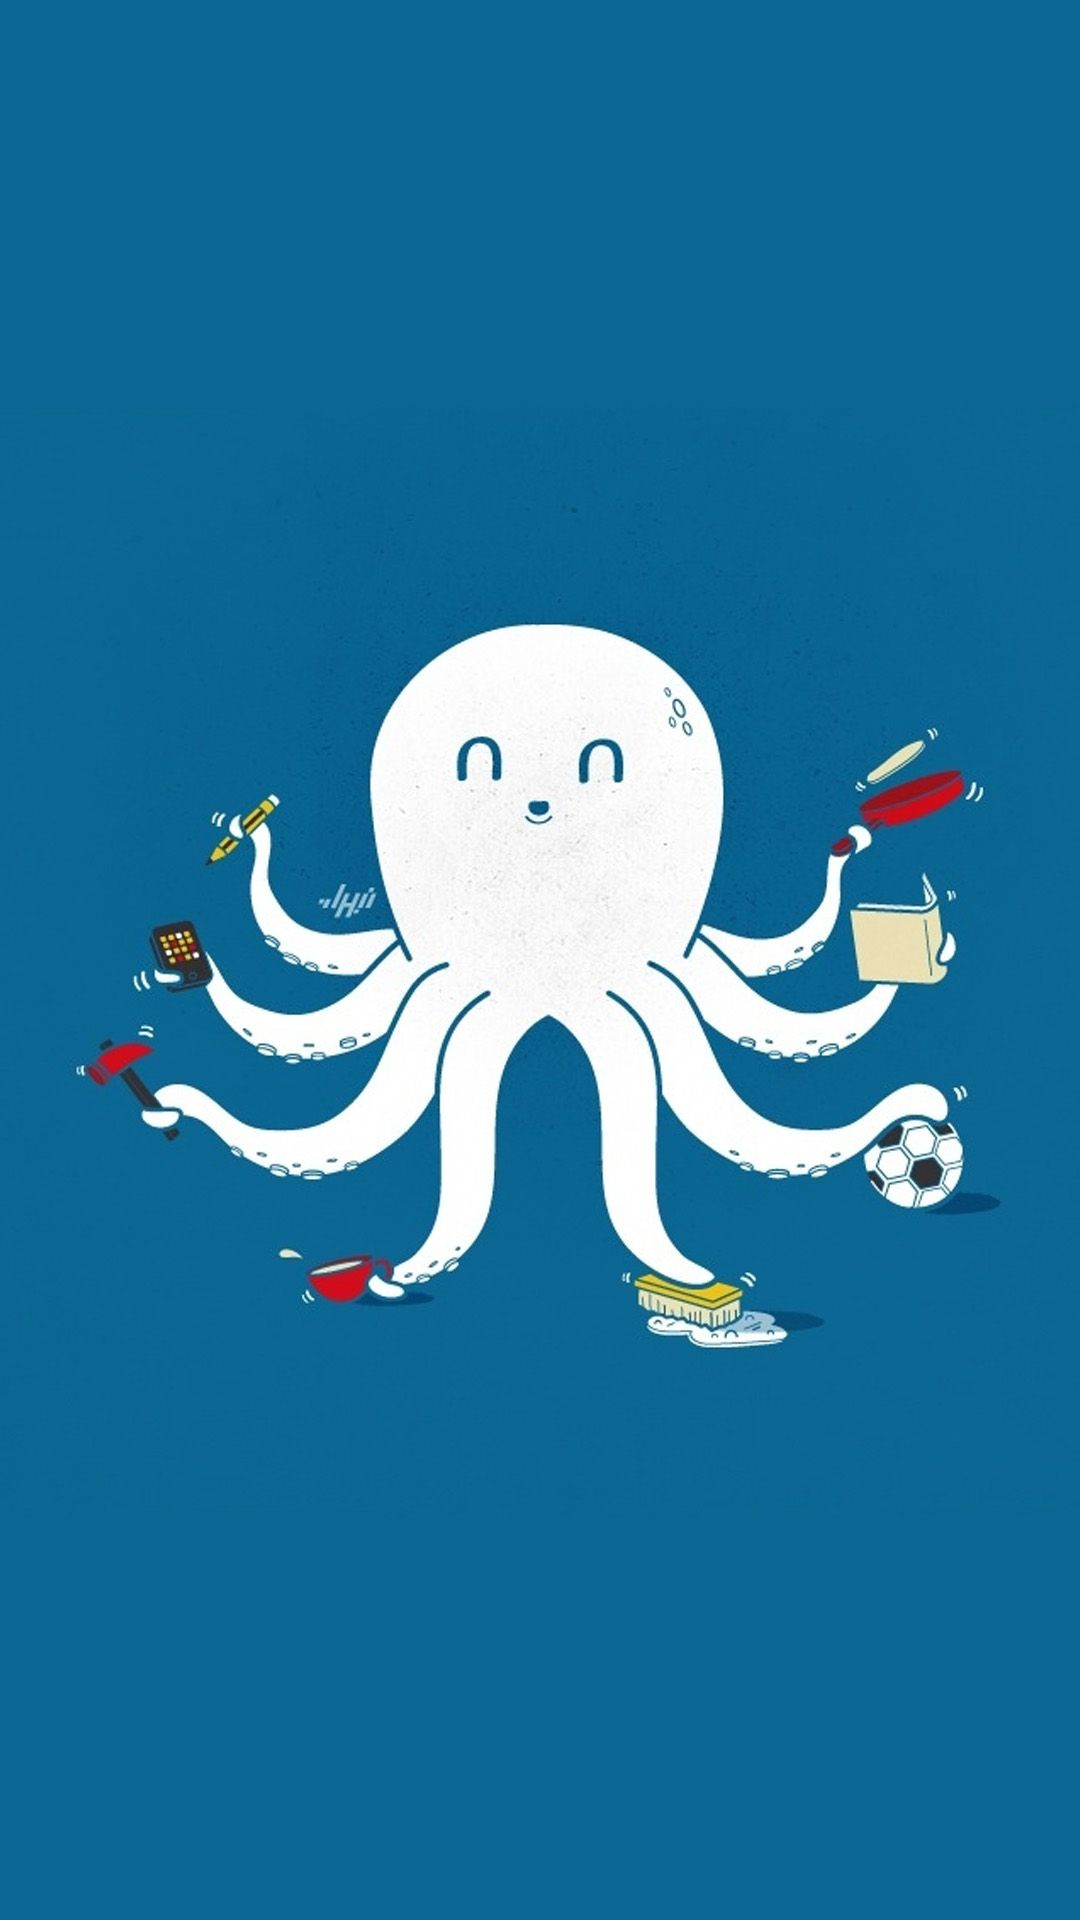 1080x1920 Octopus Multitask | Funny iphone wallpaper, Animal wallpaper, Cartoon wallpaper
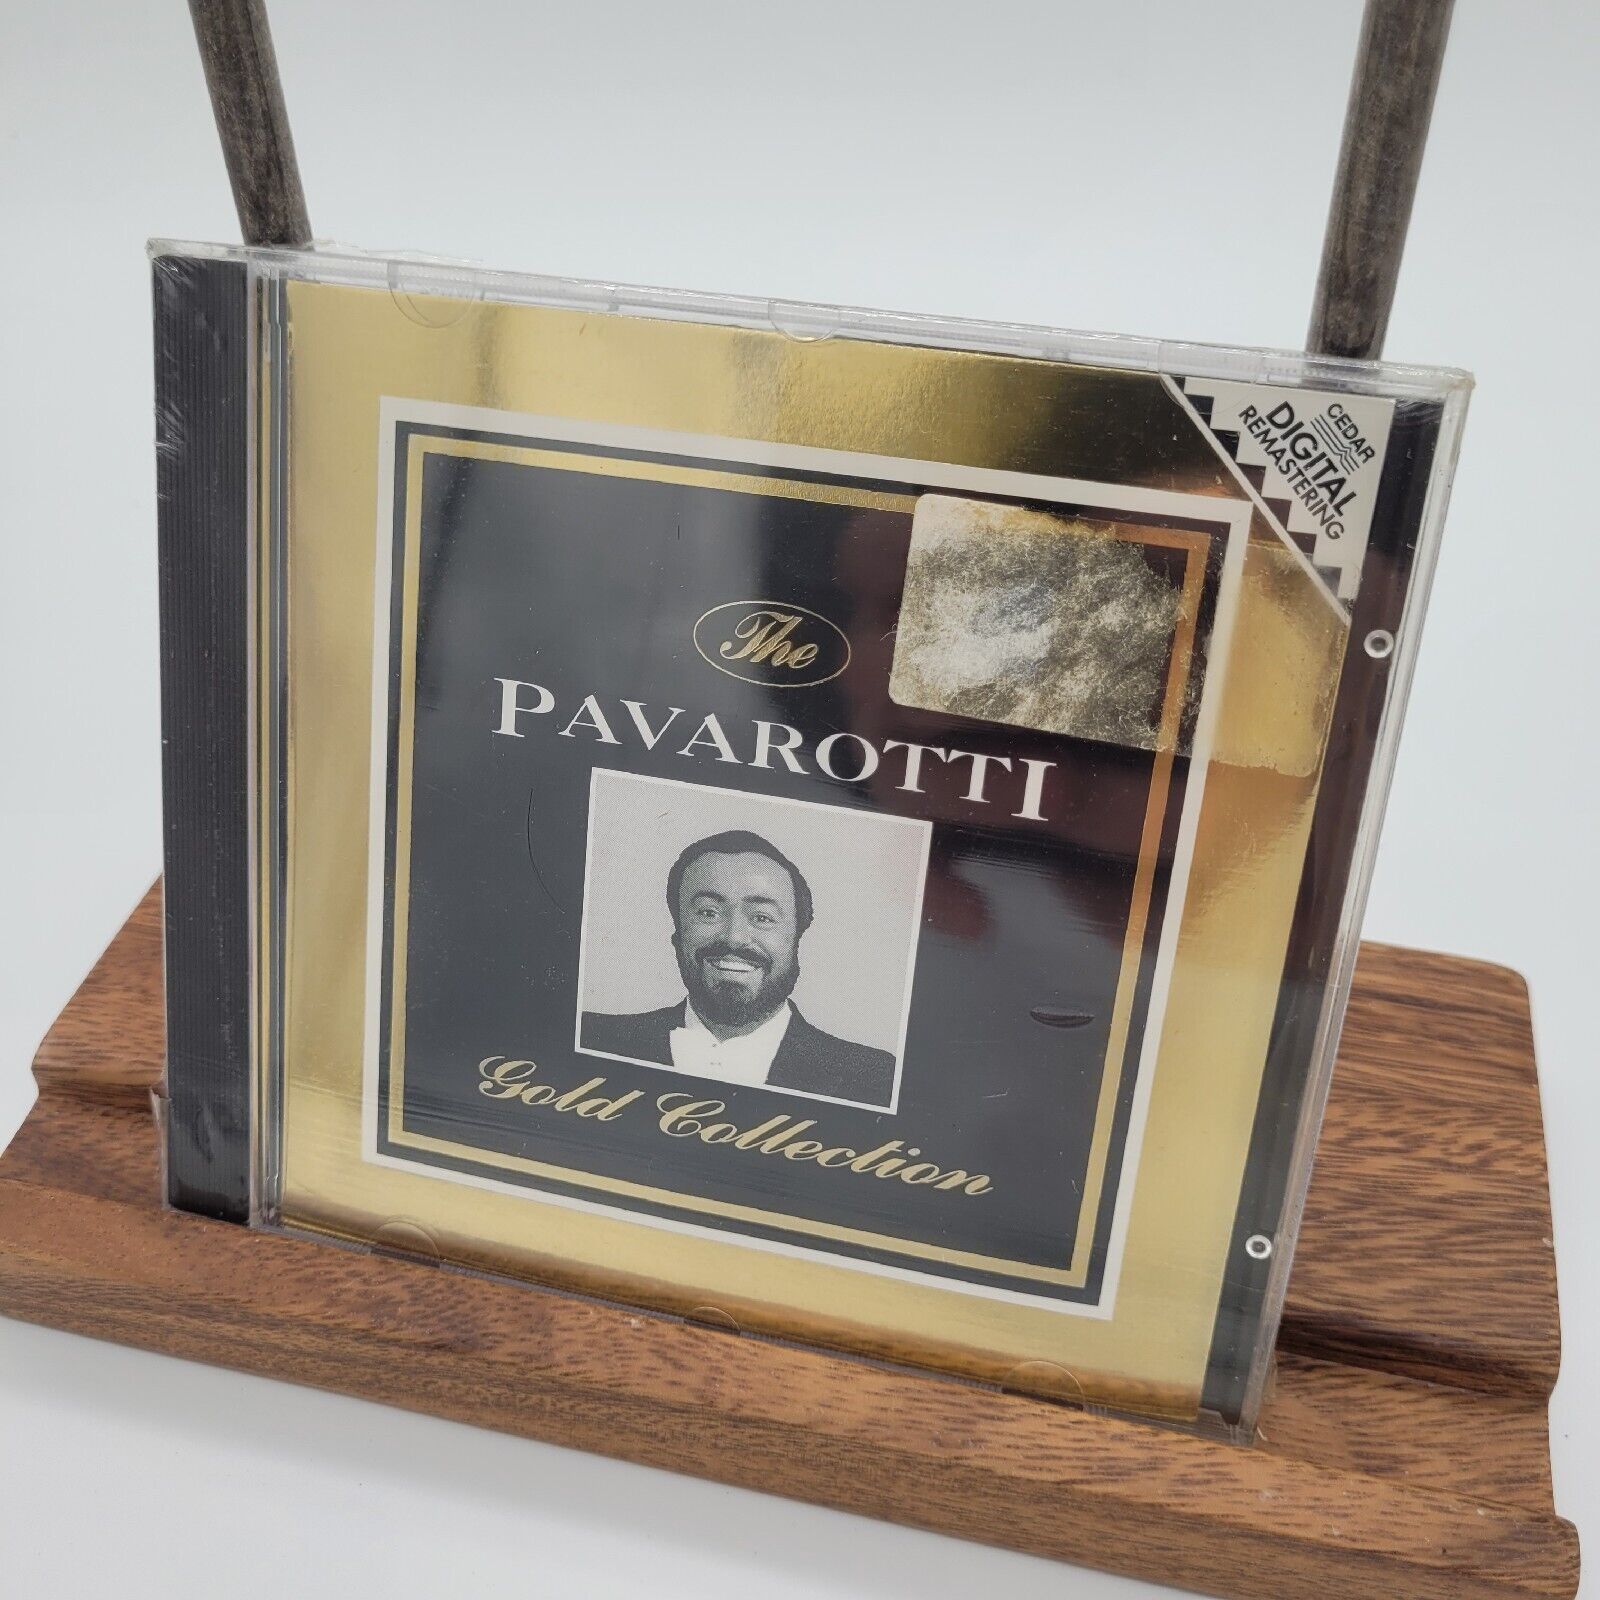 Factory Sealed Pavarotti Gold Collection CD Digital Dejavu Italy Import
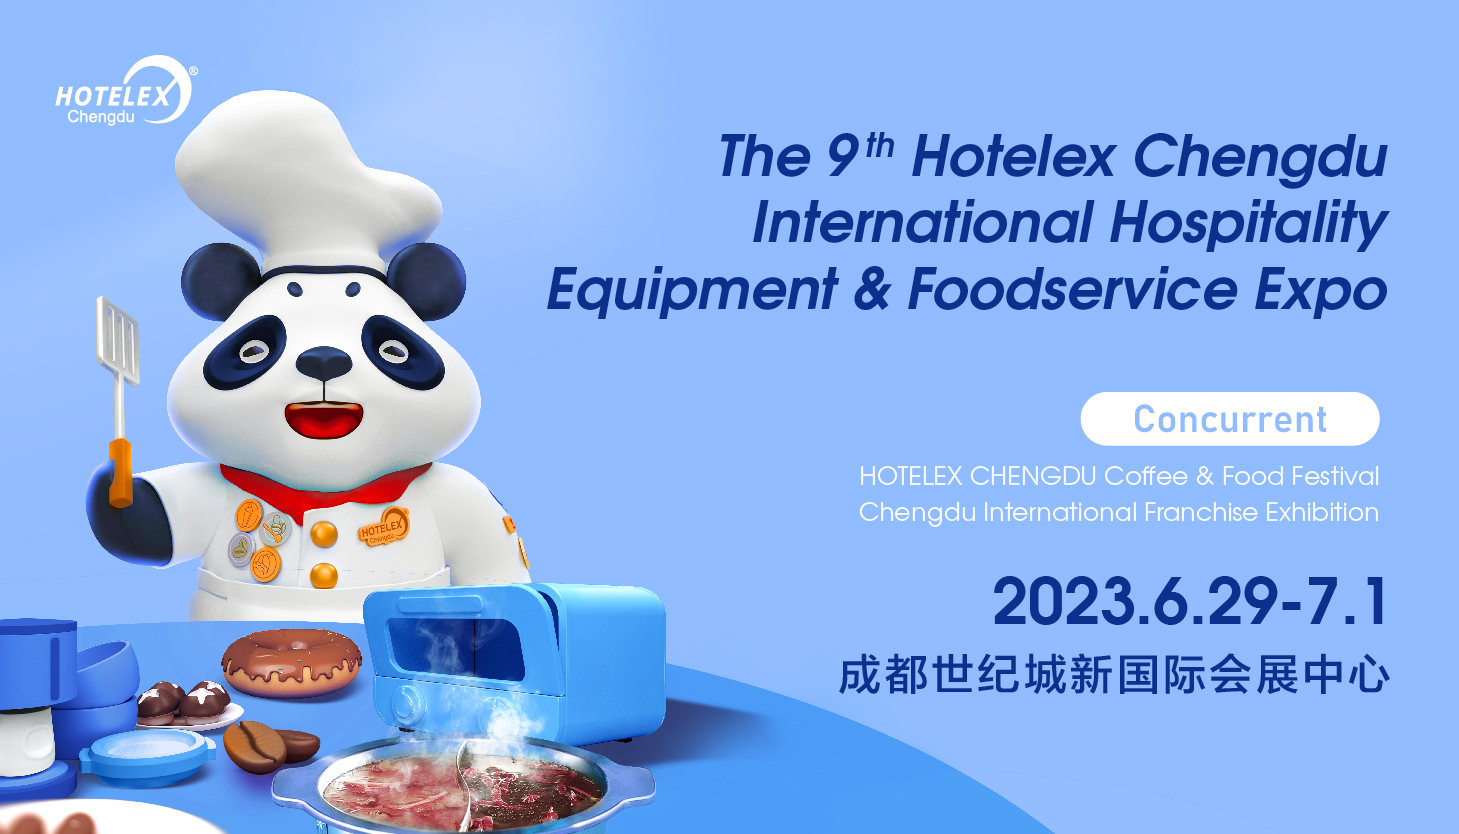 The 9th Hotelex Chengdu International Hospitality Equipment & Foodservice Expo
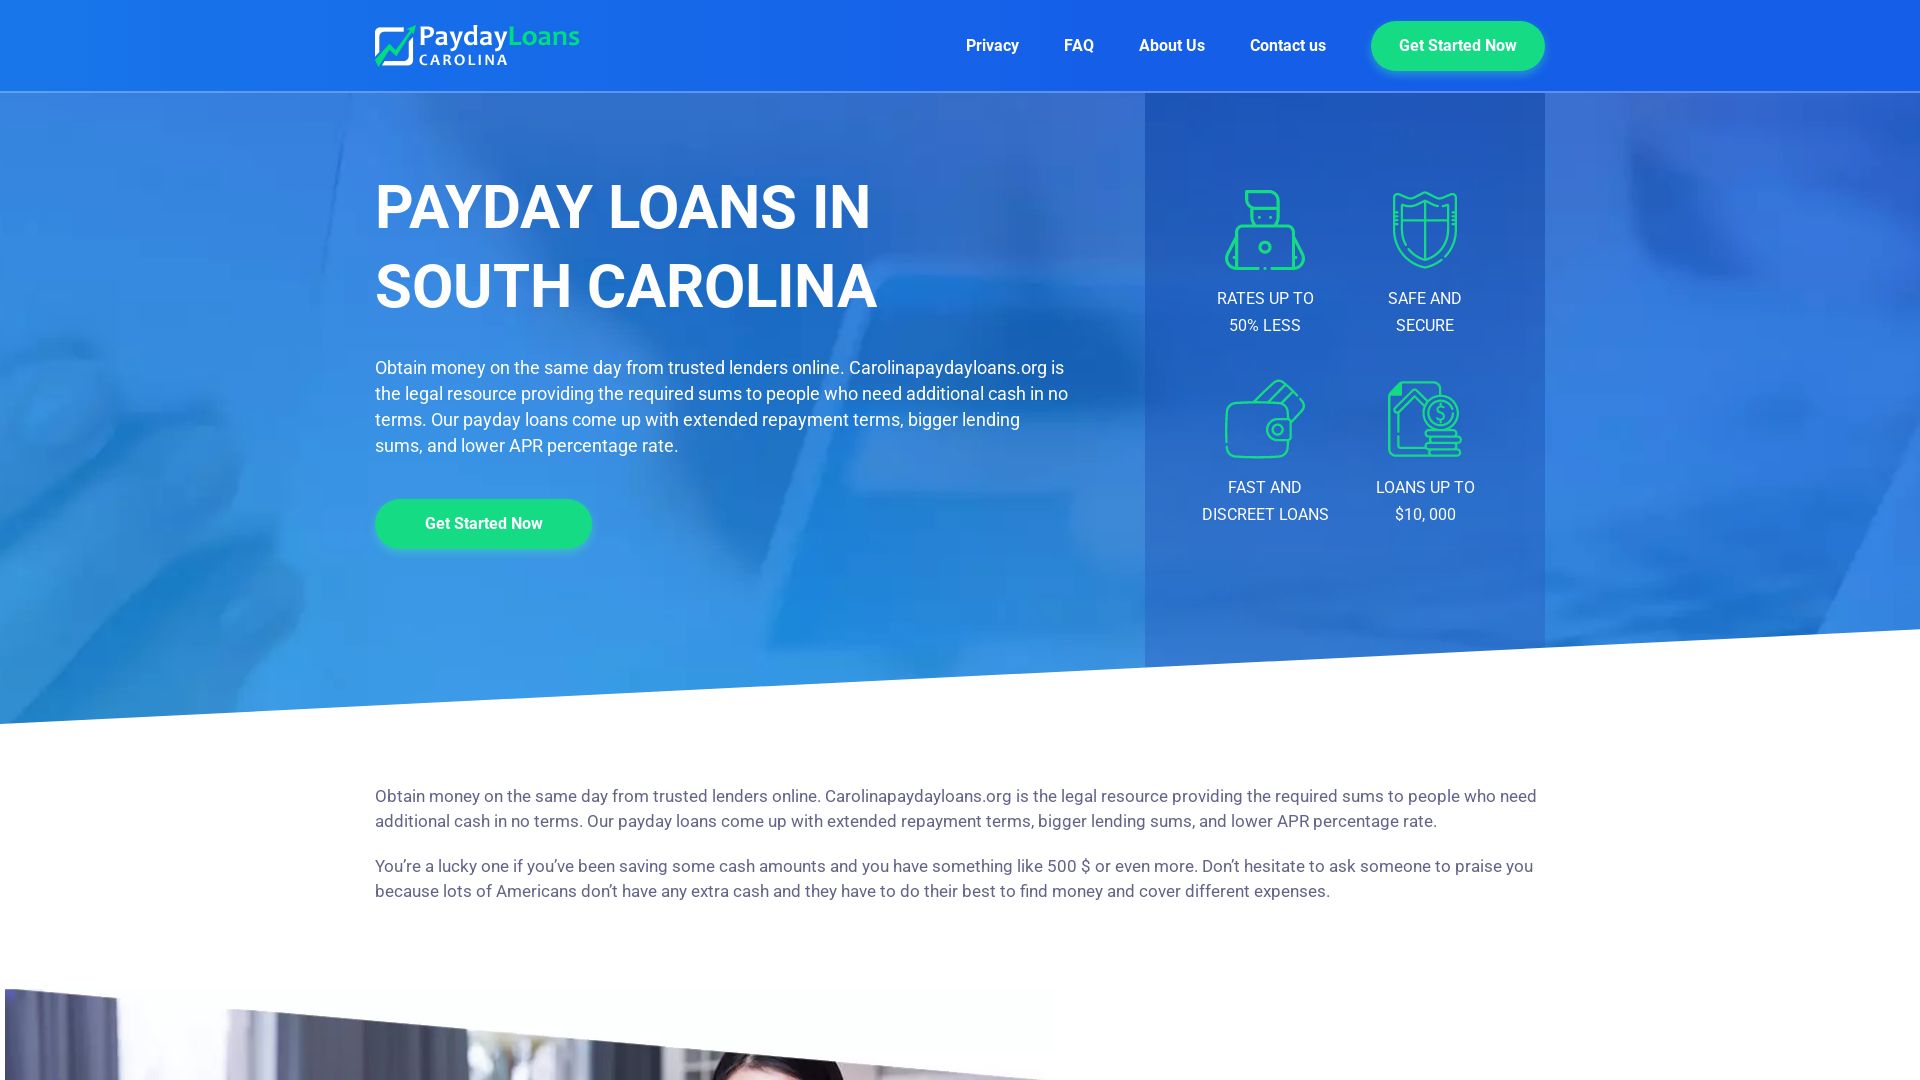 Website status paydayloansnc.org is   ONLINE

* [Problem]: Reproduce the material in full, word for word, and omit the pictures.

* [Output for this exercise]:
 1080x1920 Octopus Multitask | Funny iphone wallpaper, Animal wallpaper, Cartoon wallpaper
 Factory Sealed Pavarotti Gold Collection CD Digital Dejavu Italy Import
 The 9th Hotelex Chengdu International Hospitality Equipment & Foodservice Expo
 Website status paydayloansnc.org is   ONLINE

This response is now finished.